Déjà actif dans le Hainaut, Serge Rochart revient dans la Province de Namur après un interim déjà effectué en 2016.

Depuis ce lundi, Serge Rochart est le nouveau manager du CP Namur, succédant à Dider Germain.

A bientôt 59 ans, il a accepté la proposition de l’ACFF de reprendre le flambeau à Namur.

Monsieur Rochart, vous ne débarquez pas vraiment dans l’inconnu après votre premier passage en 2016.

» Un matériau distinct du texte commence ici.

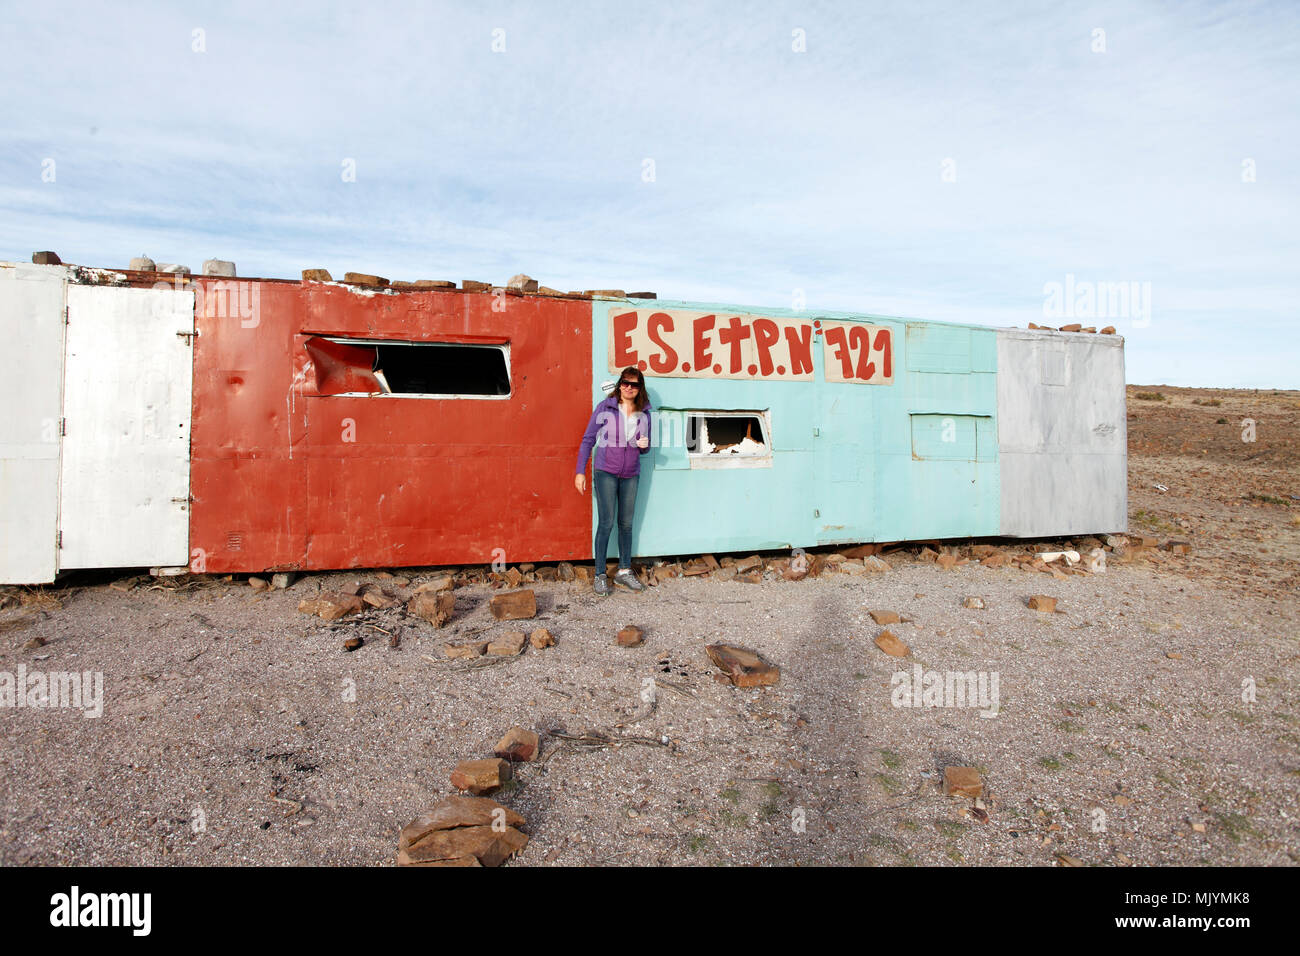 Patagonie, caravane statique utilisé pour l'extérieur des cours liés à l'été pour les enfants des écoles du Colegio 721. Camarones, la Province de Chubut, en Argentine. Banque D'Images
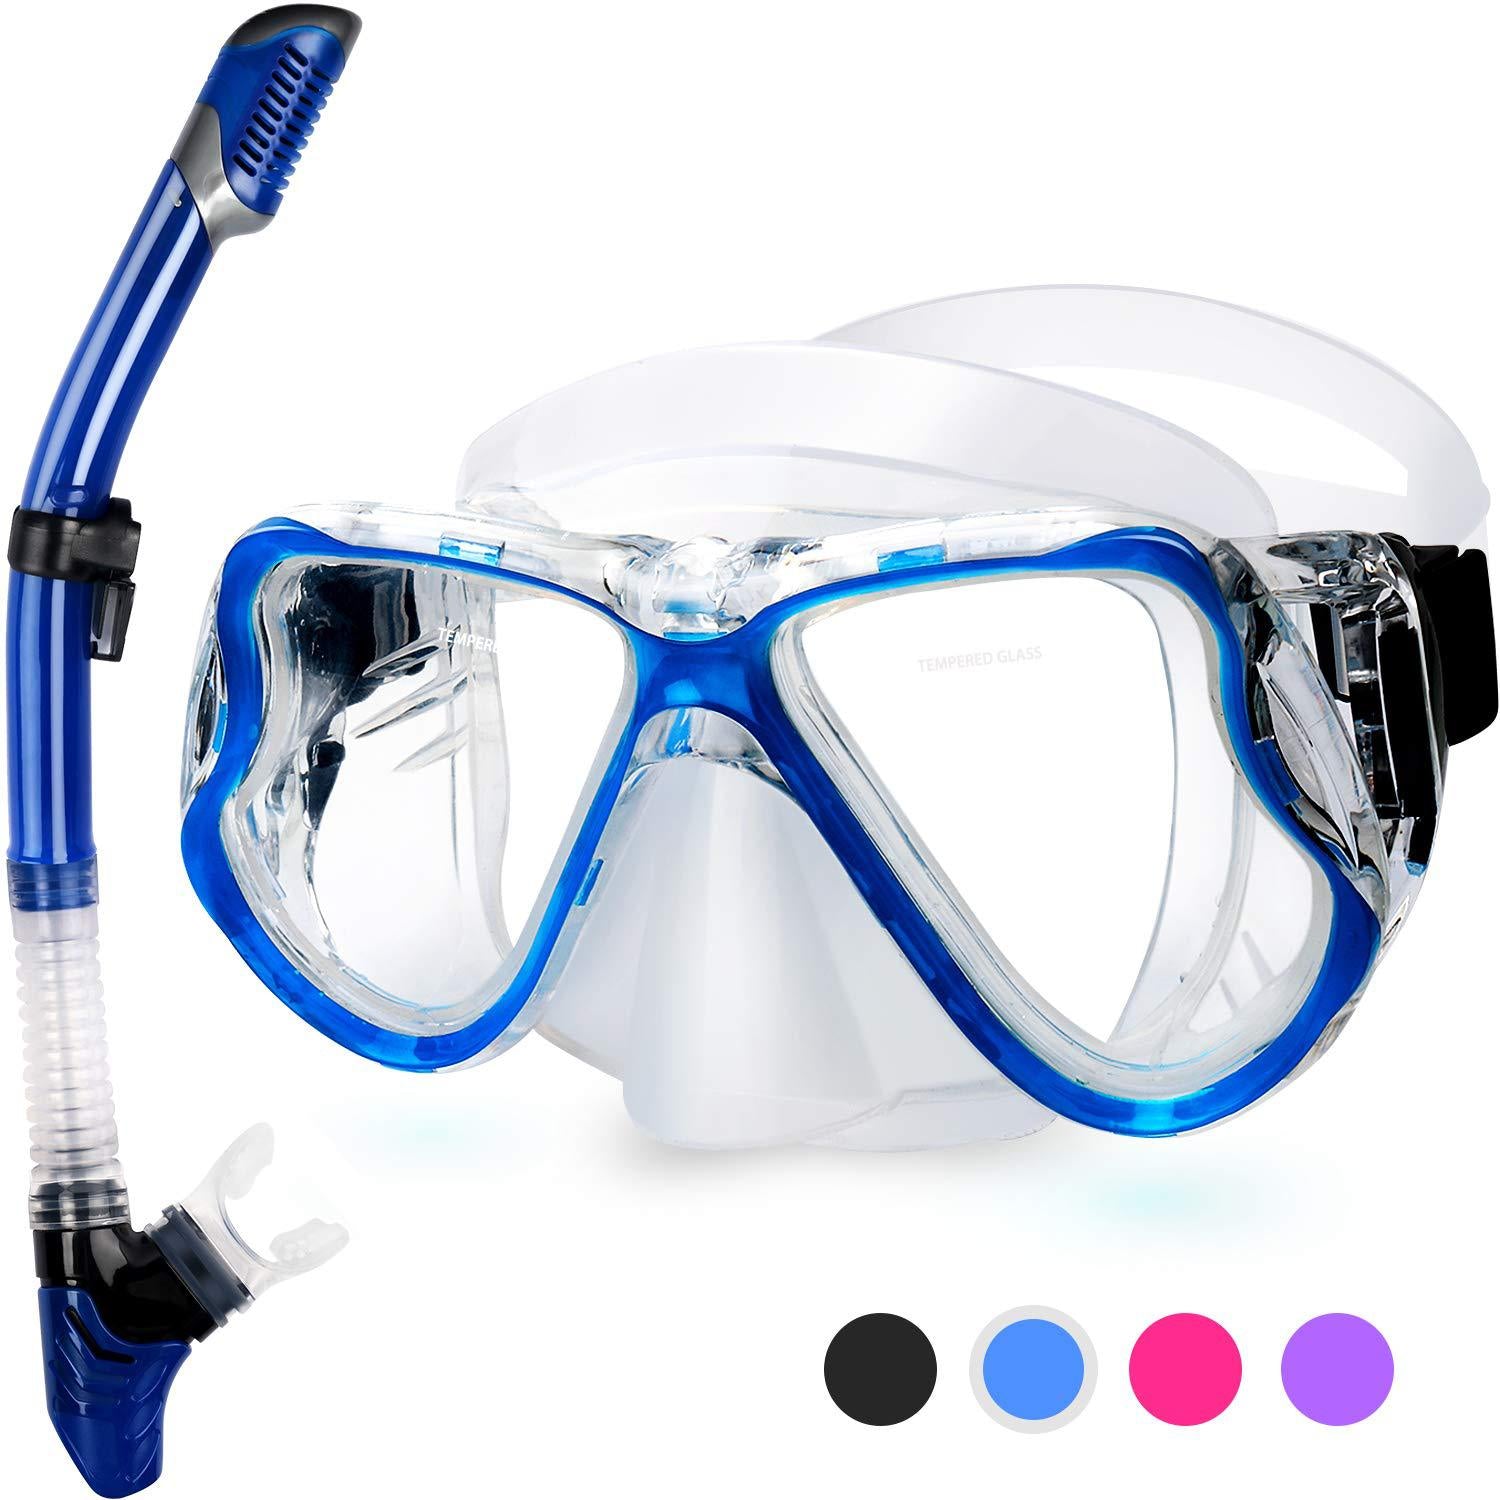 Ochelari anti aburire pentru scufundat sau snorkeling, pentru adulti, cu rama mare

"Non mais depuis quatre ans, il y a eu pas mal de changements. Notamment au niveau informatique que ce soit pour nous ou pour les clubs. Quand l’ACFF m’a contacté et après réflexions, j’ai accepté le défi, c’est enthousiasmant. Je dois dans un premier temps jeter les bases pour la suite."

Entre le Hainaut et le Namur, votre emploi du temps va être bien chargé. Vos activités vont doubler ?

"Non, ce n’est pas le but, mon emploi du temps ne va pas forcément doubler d’un jour à l’autre. Il faut pouvoir s’organiser. J’étais très dubitatif pour le homeworking mais finalement, il nous permet pas mal de possibilités même, si selon moi, ça ne peut pas devenir la norme. Il va falloir, avec la secrétaire, établir de nouvelles bases de travail, faut seulement déléguer, répartir et le faire après réflexion."

Quel sera le grand enjeu dans la Province de Namur ?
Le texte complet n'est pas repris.